▶ **Work request**: Repeat the span of the entries below that starts at the line with "Pojemnik szklany monochrome 1.8 l" and ends at the line with "The Crown, 3ª", nothing more. Skip the pictures.

▶ **Entries shown**:
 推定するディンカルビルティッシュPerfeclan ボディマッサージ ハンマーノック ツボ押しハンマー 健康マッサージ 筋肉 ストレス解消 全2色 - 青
--
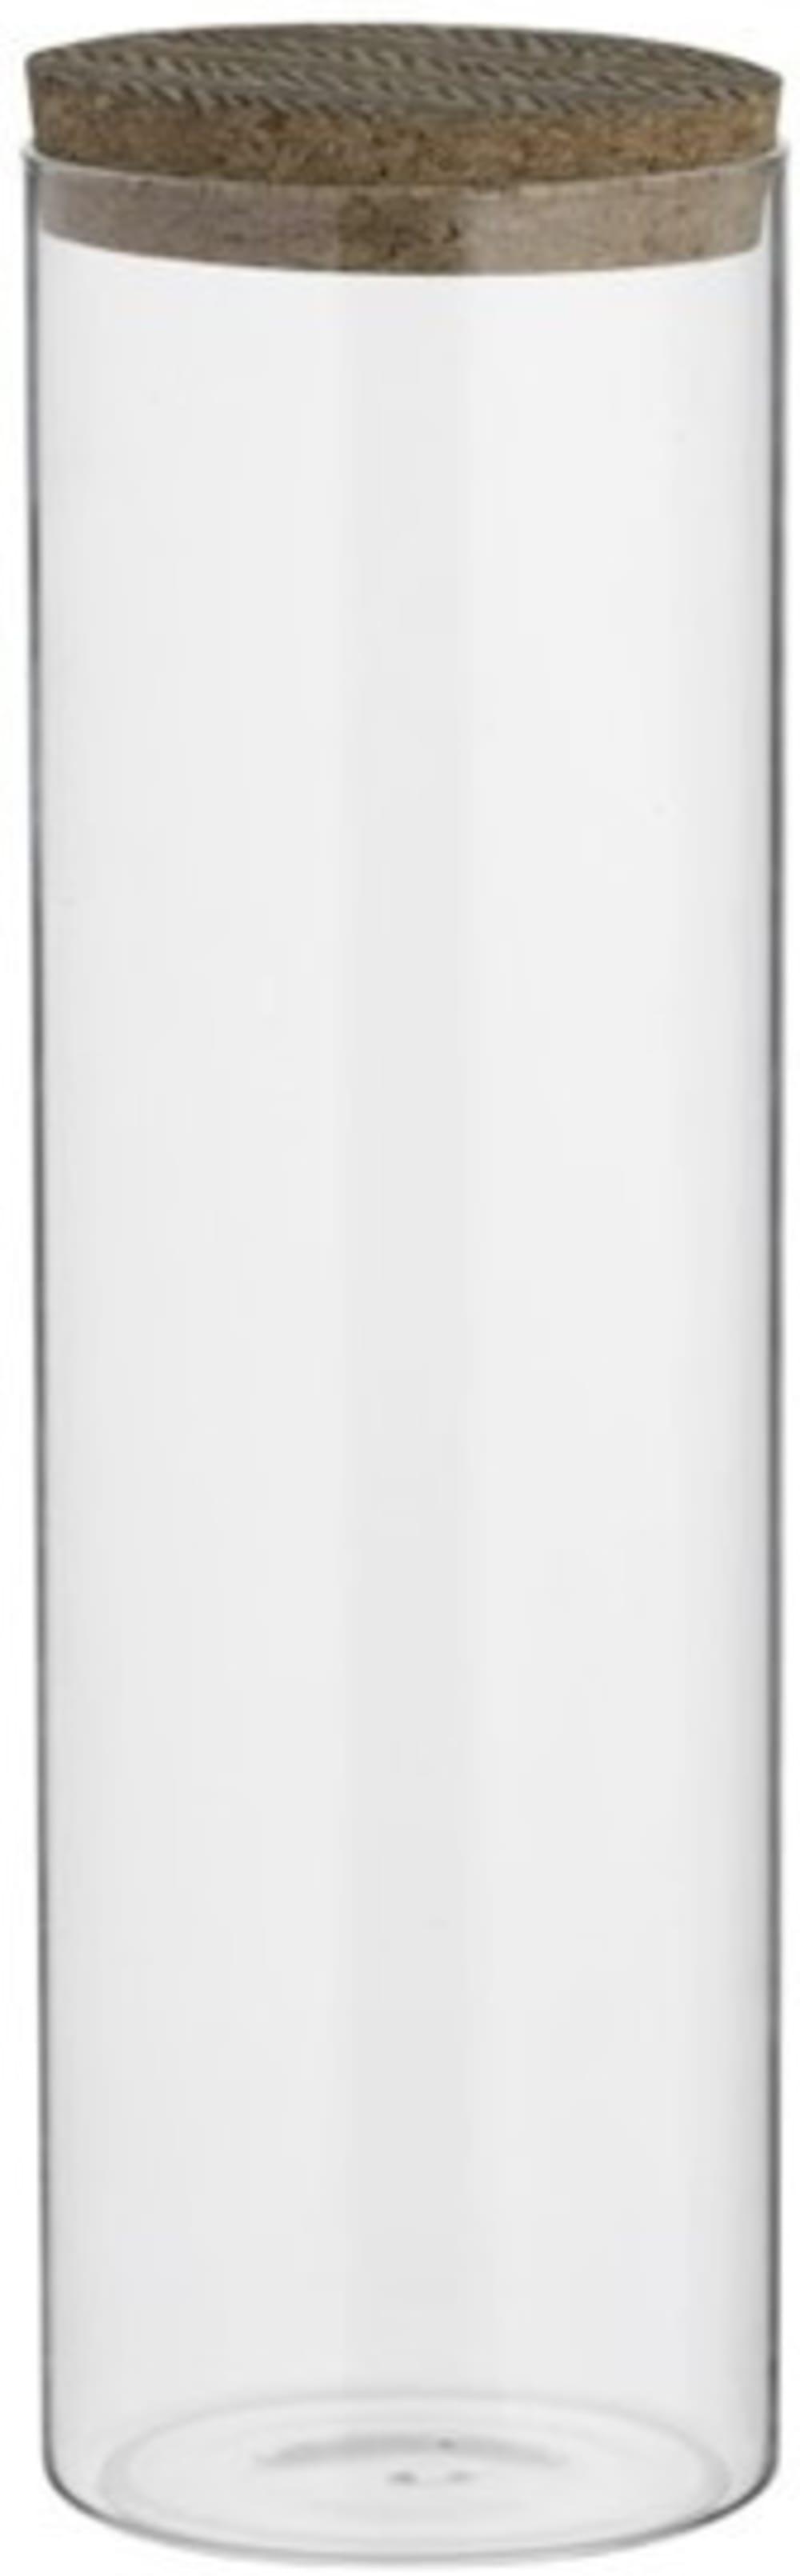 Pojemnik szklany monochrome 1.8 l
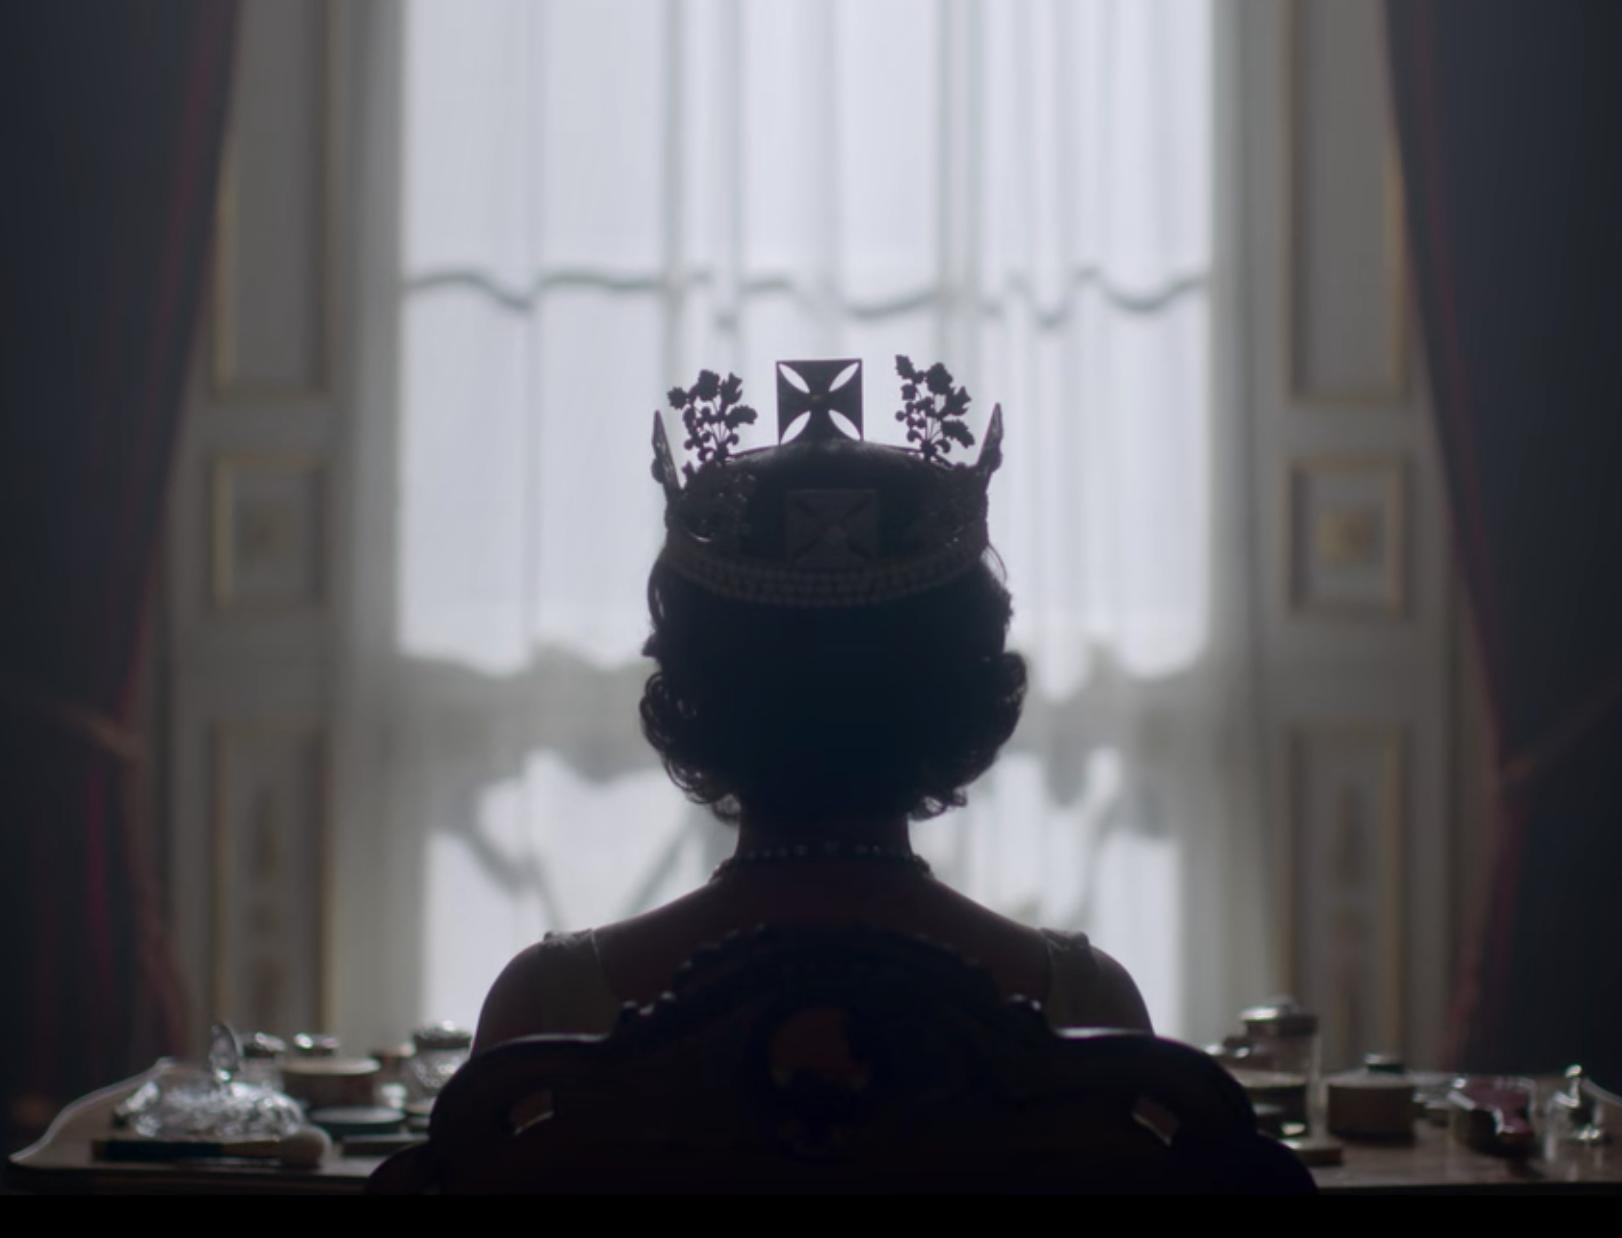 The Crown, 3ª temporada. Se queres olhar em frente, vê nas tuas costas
* * *
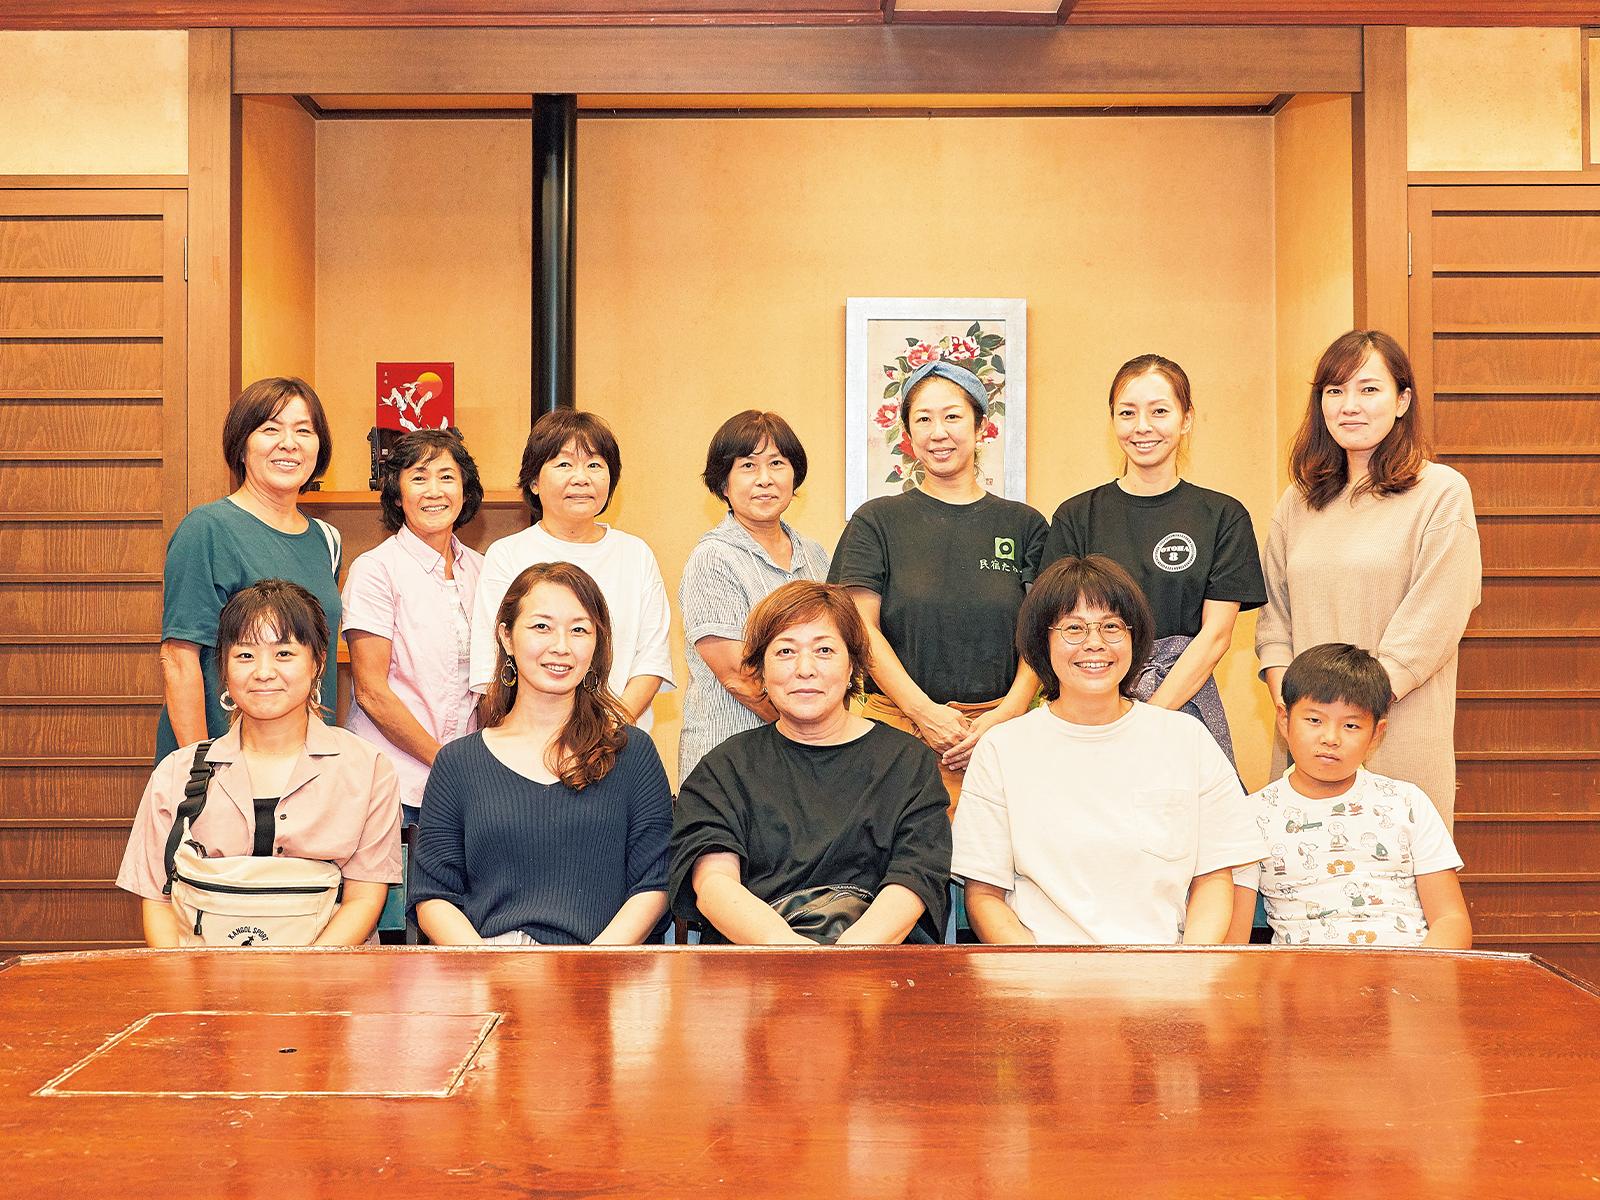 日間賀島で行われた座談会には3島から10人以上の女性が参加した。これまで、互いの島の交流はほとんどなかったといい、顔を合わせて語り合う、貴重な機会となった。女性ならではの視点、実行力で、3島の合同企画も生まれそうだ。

▶ **Answer for the task**:
 Pojemnik szklany monochrome 1.8 l
 The Crown, 3ª temporada. Se queres olhar em frente, vê nas tuas costas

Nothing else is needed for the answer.